■ **What the task asks**: Reproduce the data in full, exactly as given, leaving images out.

■ **Source material**:
════

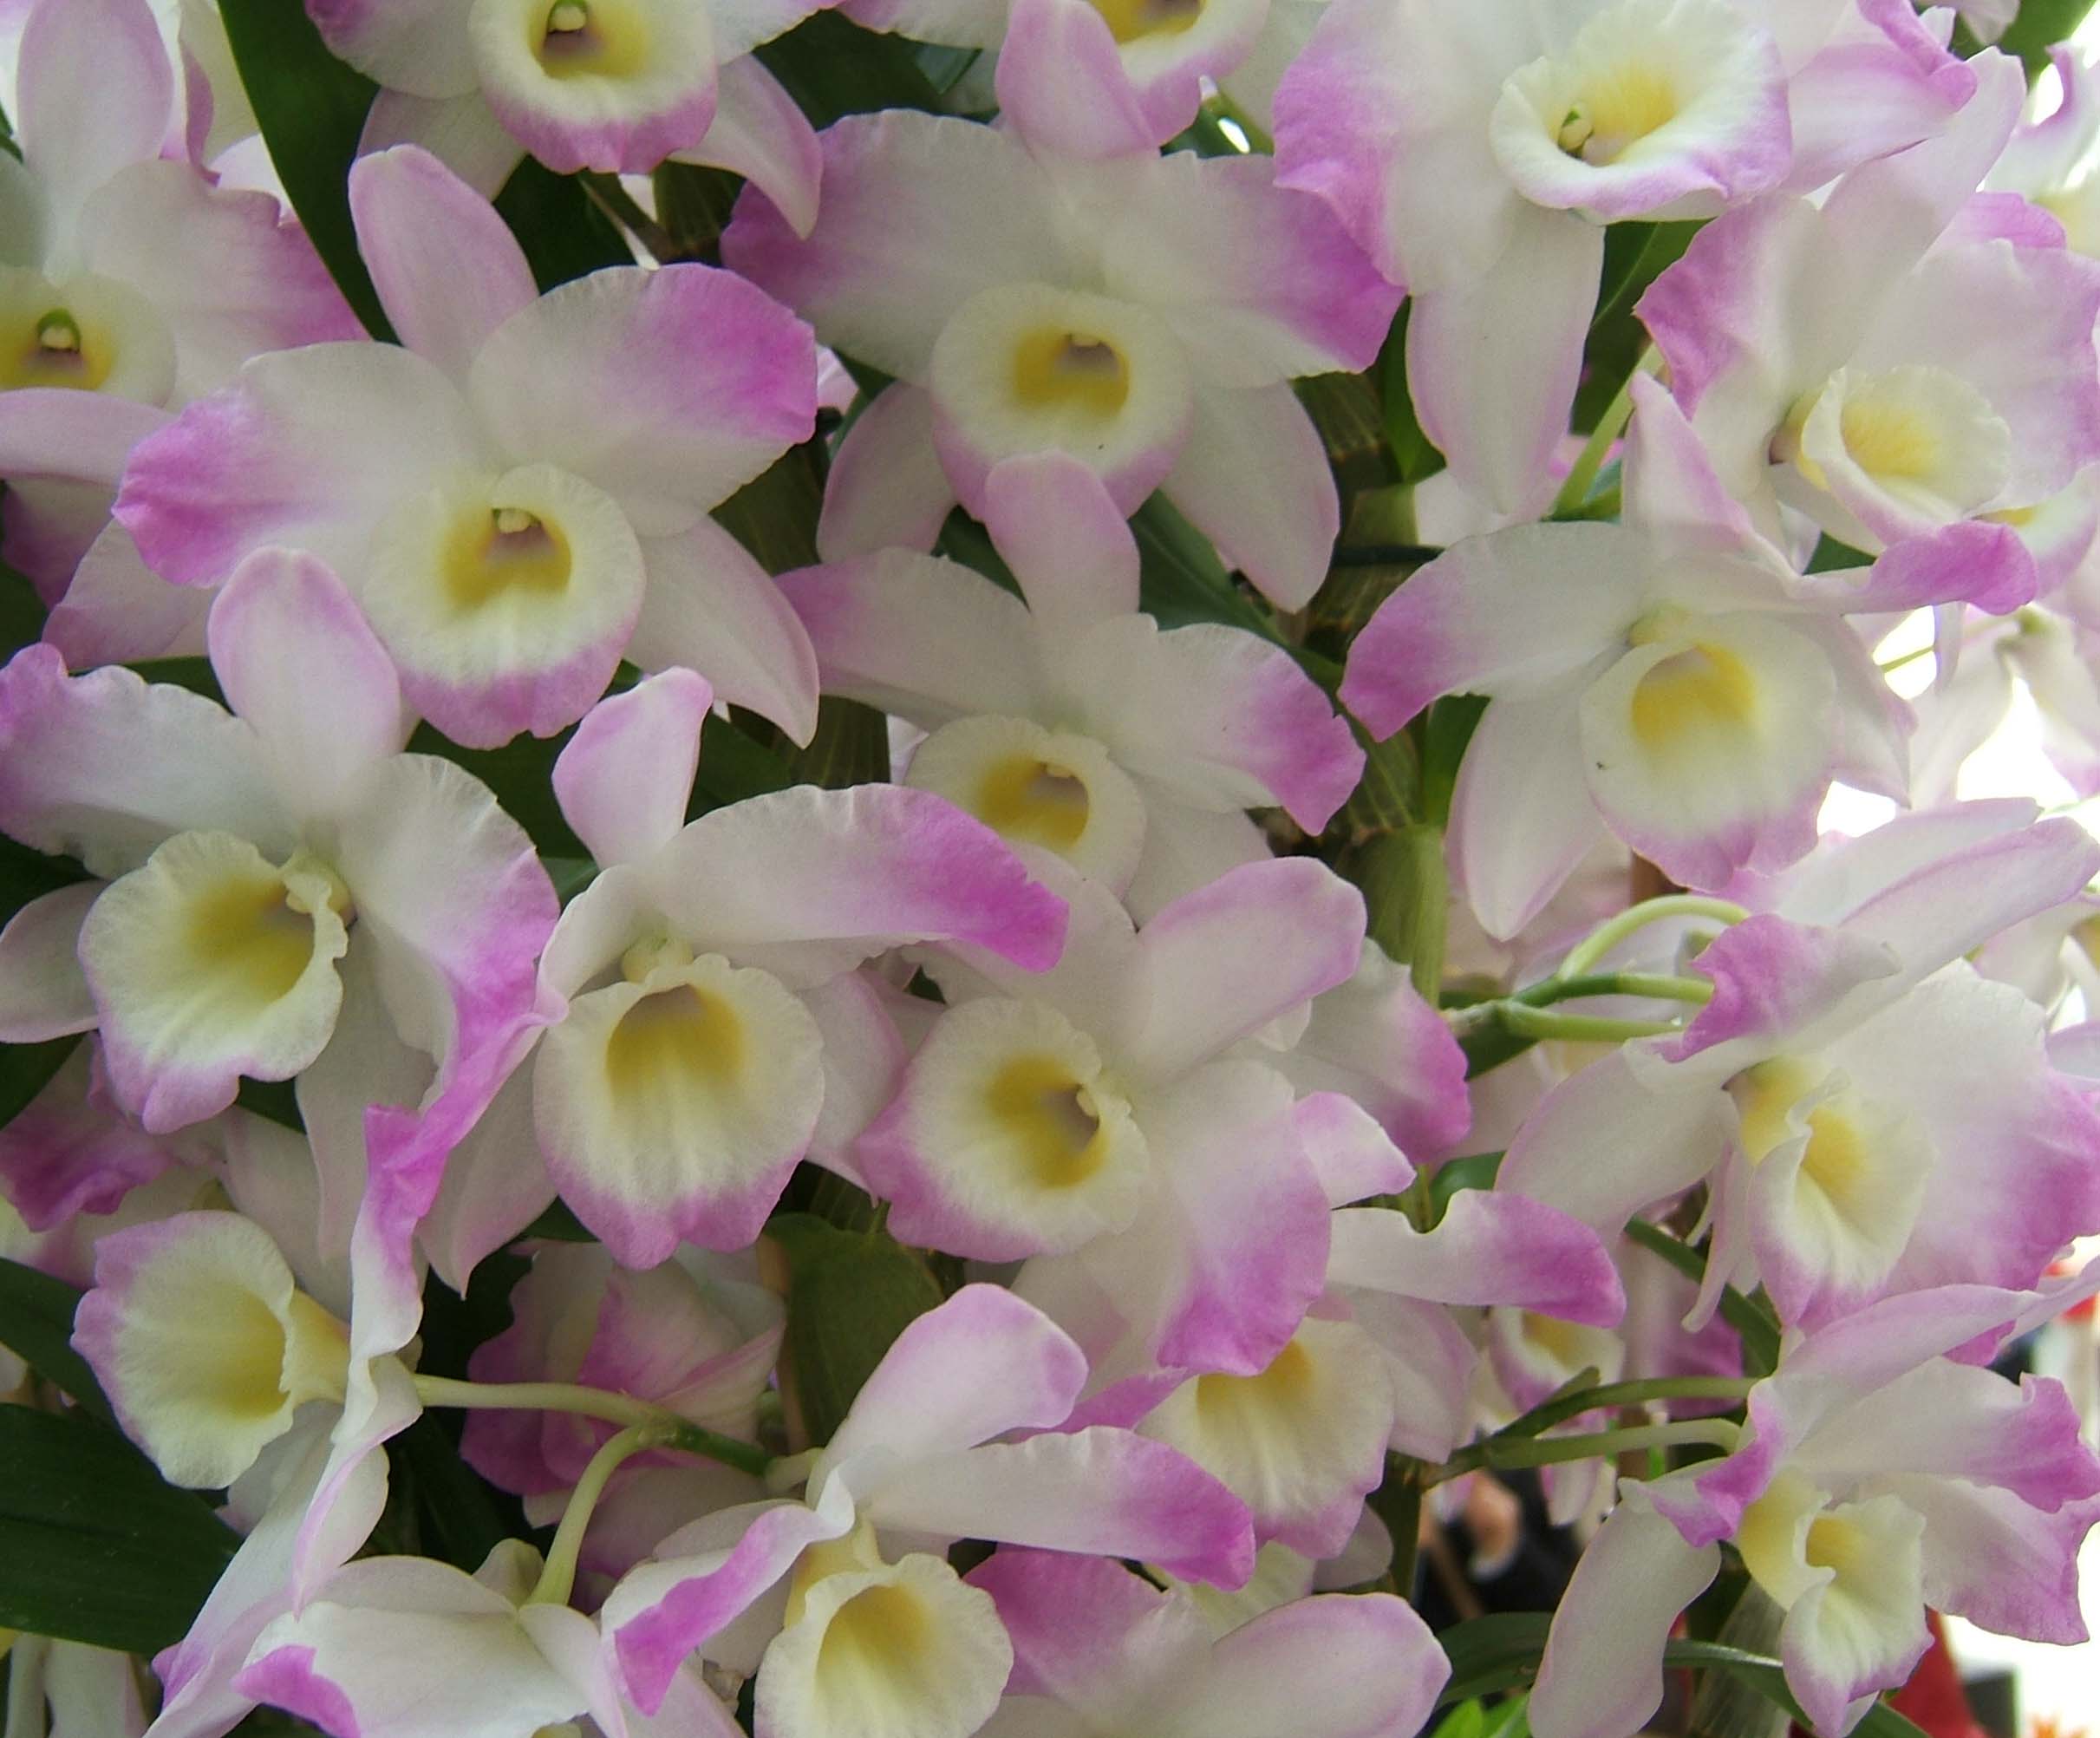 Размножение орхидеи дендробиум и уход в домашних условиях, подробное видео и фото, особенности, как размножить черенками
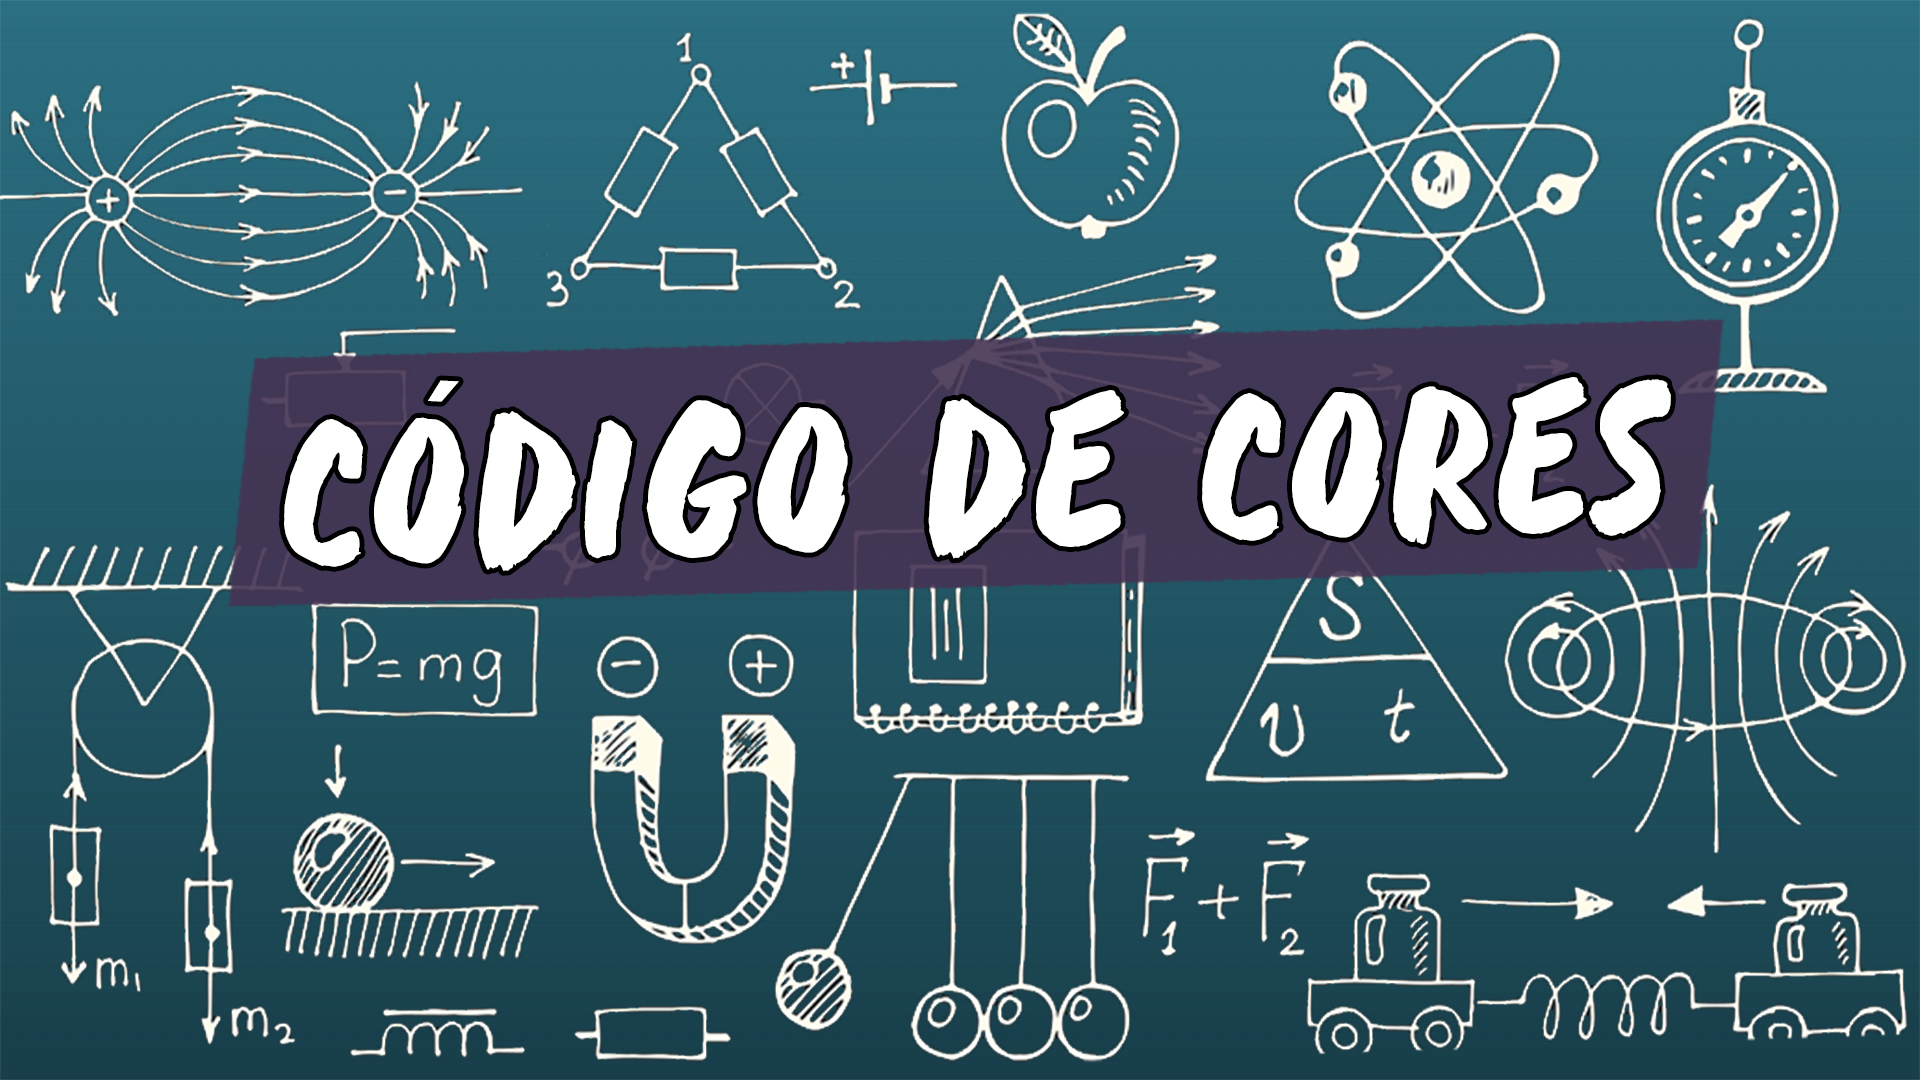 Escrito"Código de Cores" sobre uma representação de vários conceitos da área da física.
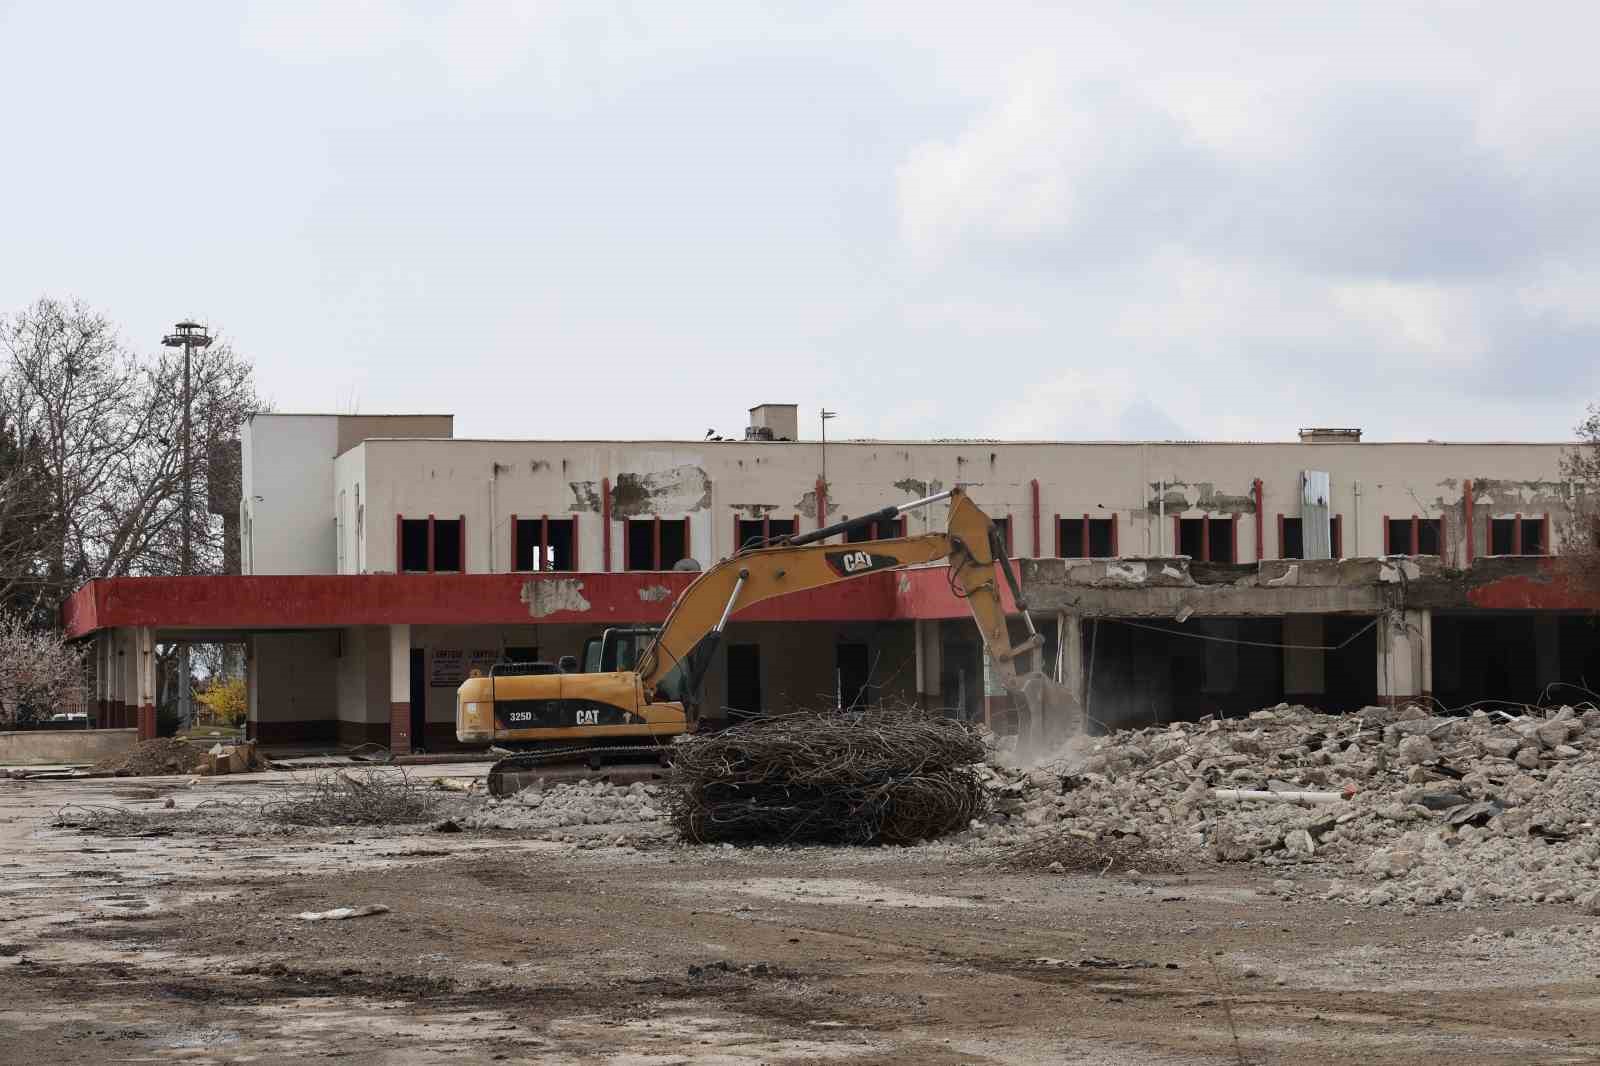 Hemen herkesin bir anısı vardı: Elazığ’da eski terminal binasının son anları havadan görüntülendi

════

■ **Output of the task**:
 Размножение орхидеи дендробиум и уход в домашних условиях, подробное видео и фото, особенности, как размножить черенками
 Escrito"Código de Cores" sobre uma representação de vários conceitos da área da física.
 Hemen herkesin bir anısı vardı: Elazığ’da eski terminal binasının son anları havadan görüntülendi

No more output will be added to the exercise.